# Information shown
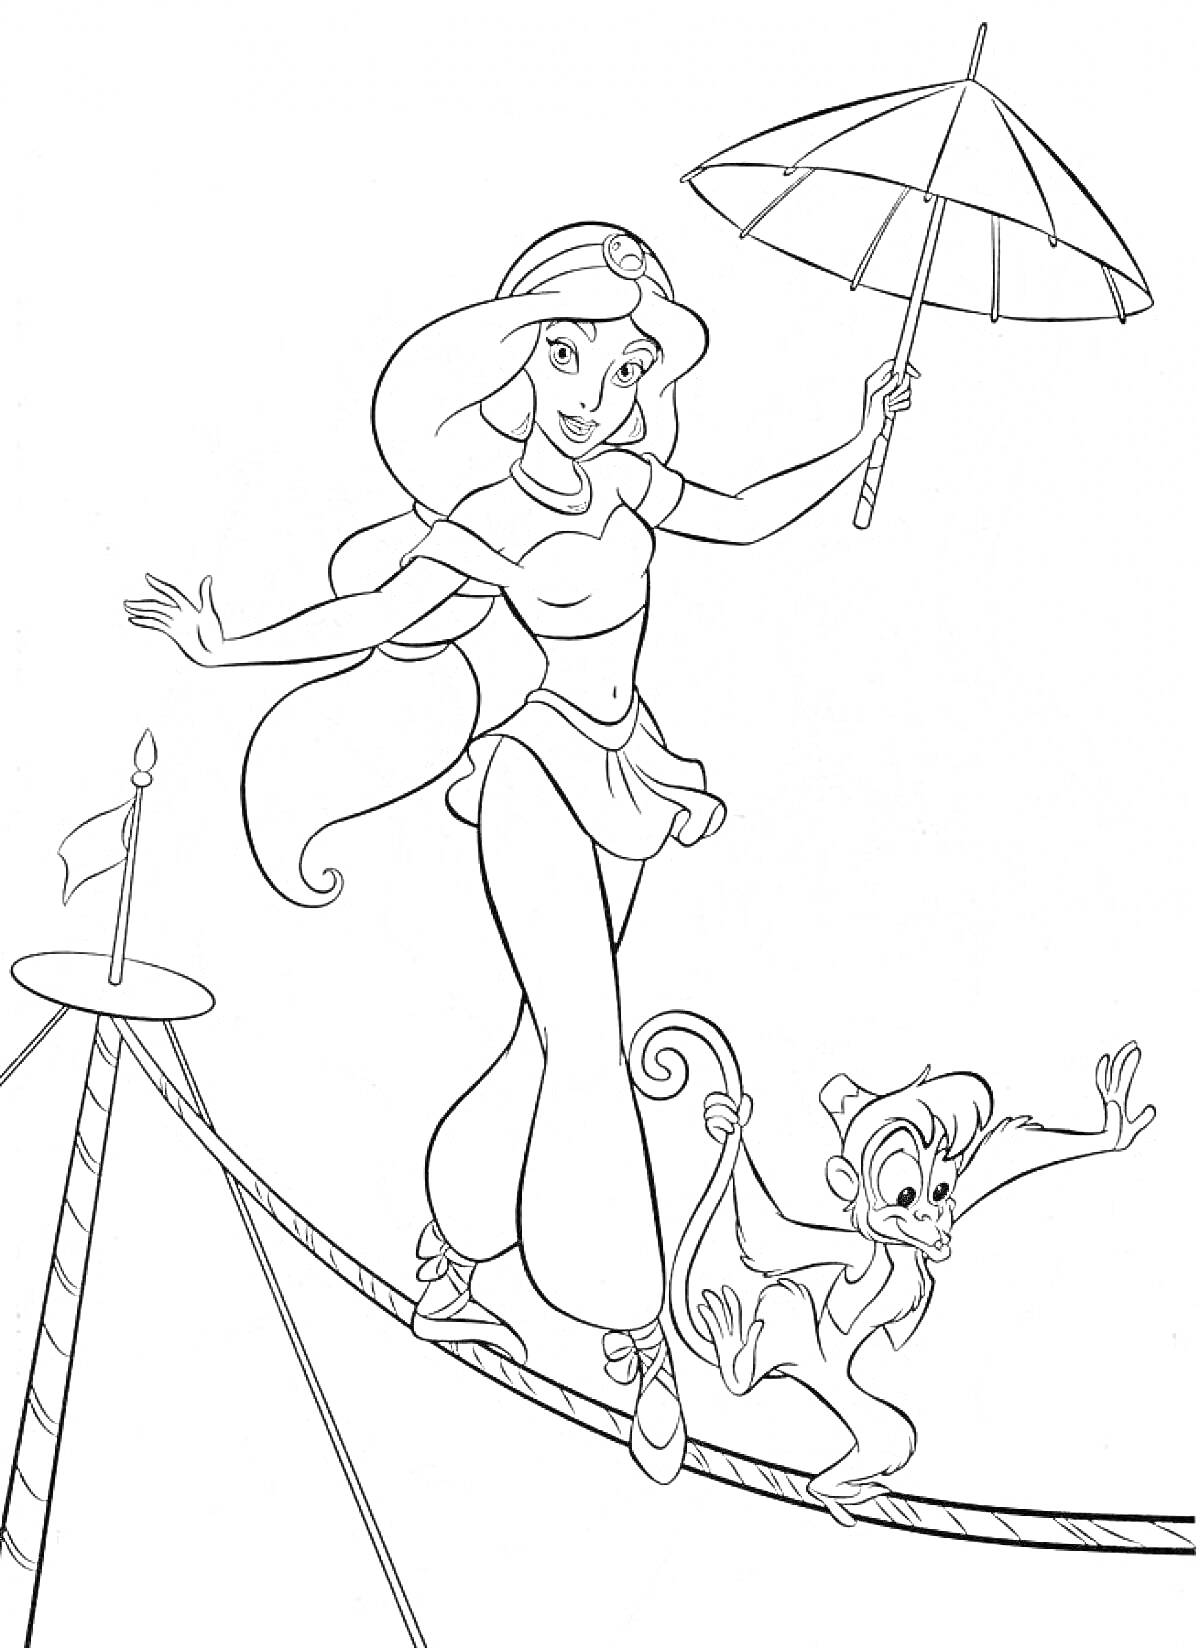 Раскраска Принцесса Жасмин идет по канату с зонтиком и обезьянкой
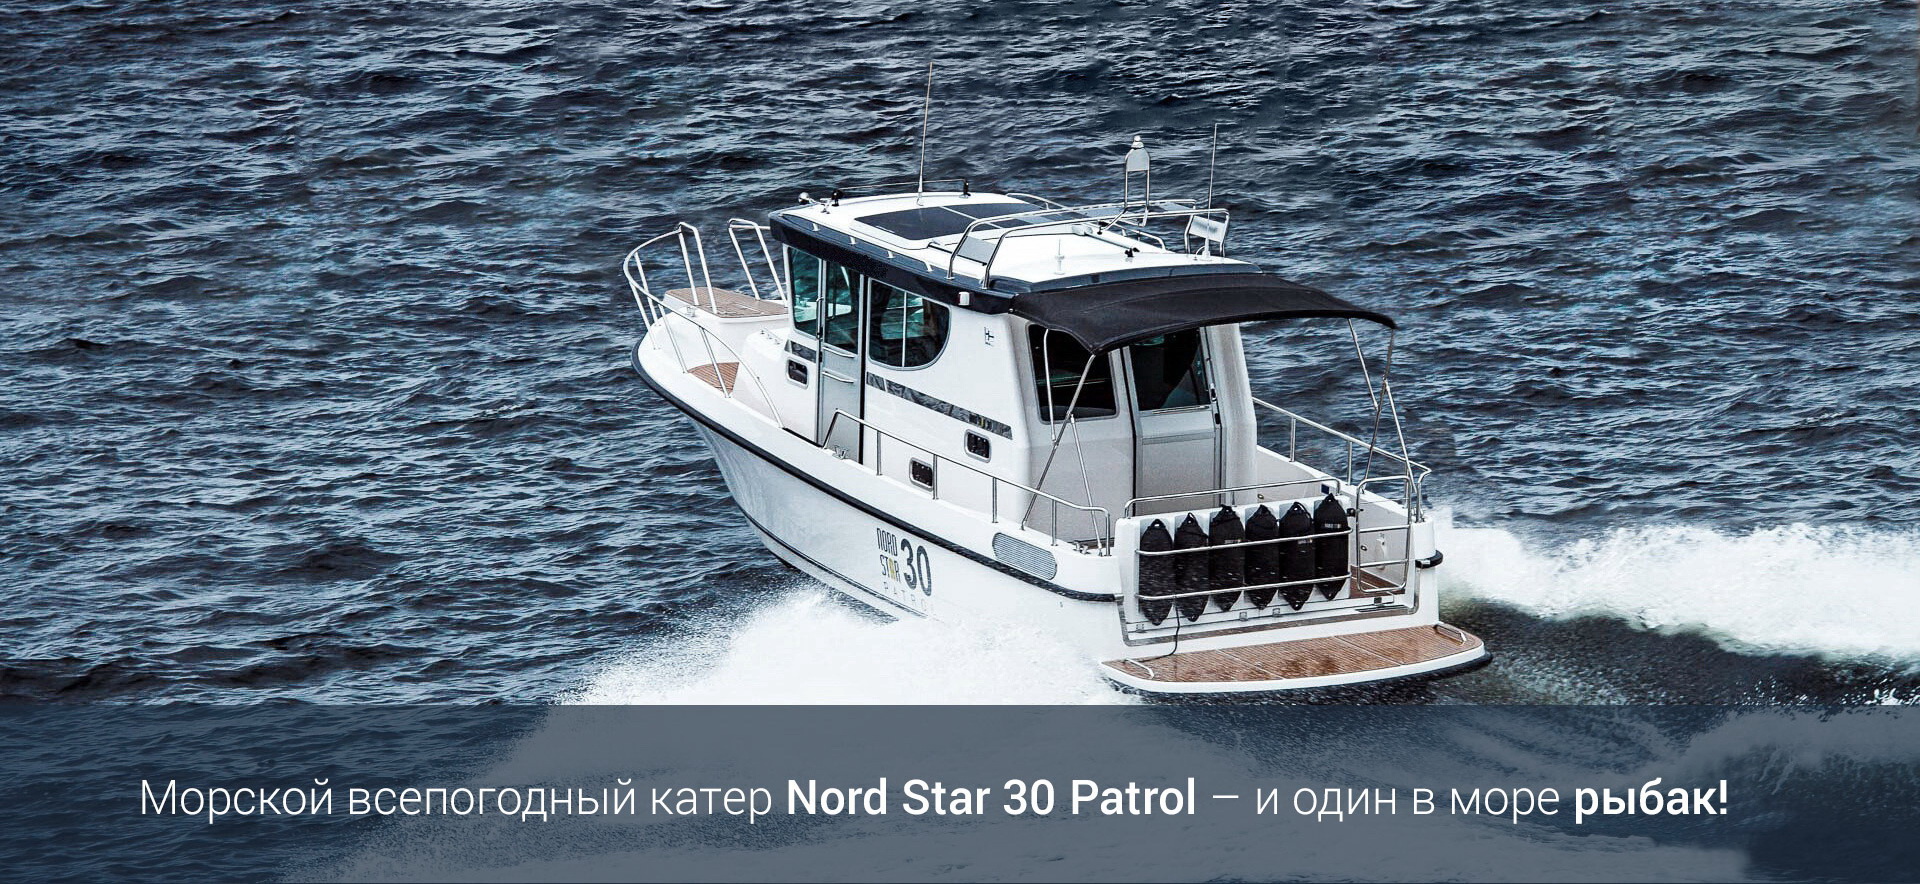 Морской всепогодный катер Nord Star 30 Patrol – и один в море рыбак!
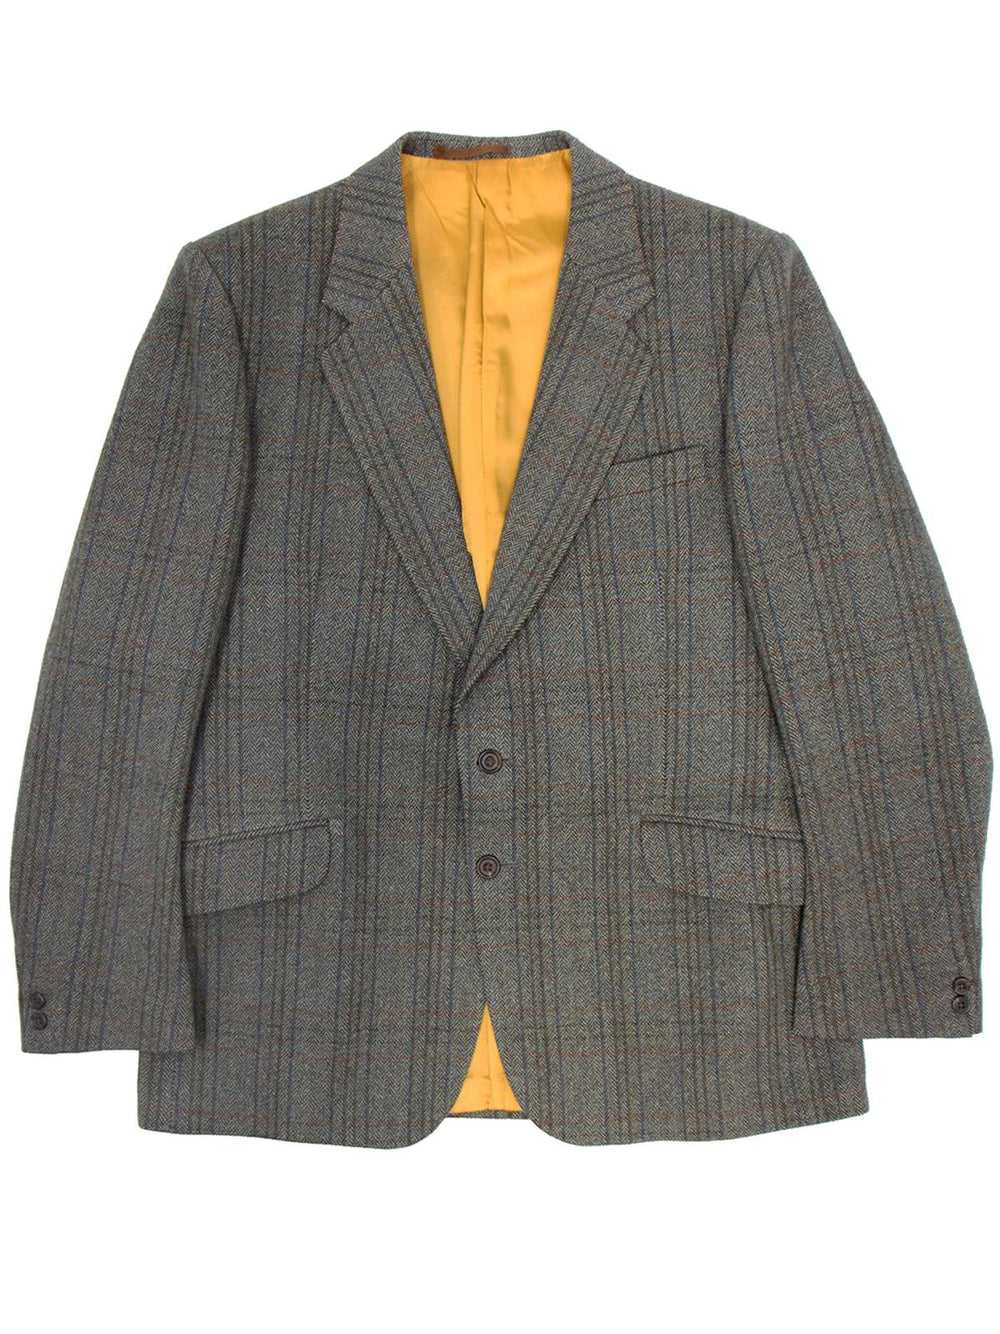 Vintage Saxony Herringbone Check Tweed Jacket - image 1

# Work order
The lines from the one that contains "Морской всепогодный катер" through the end of the data, repeated exactly and with no pictures, make up the whole answer.

# Solution for this exercise
 Морской всепогодный катер Nord Star 30 Patrol – и один в море рыбак!
 Vintage Saxony Herringbone Check Tweed Jacket - image 1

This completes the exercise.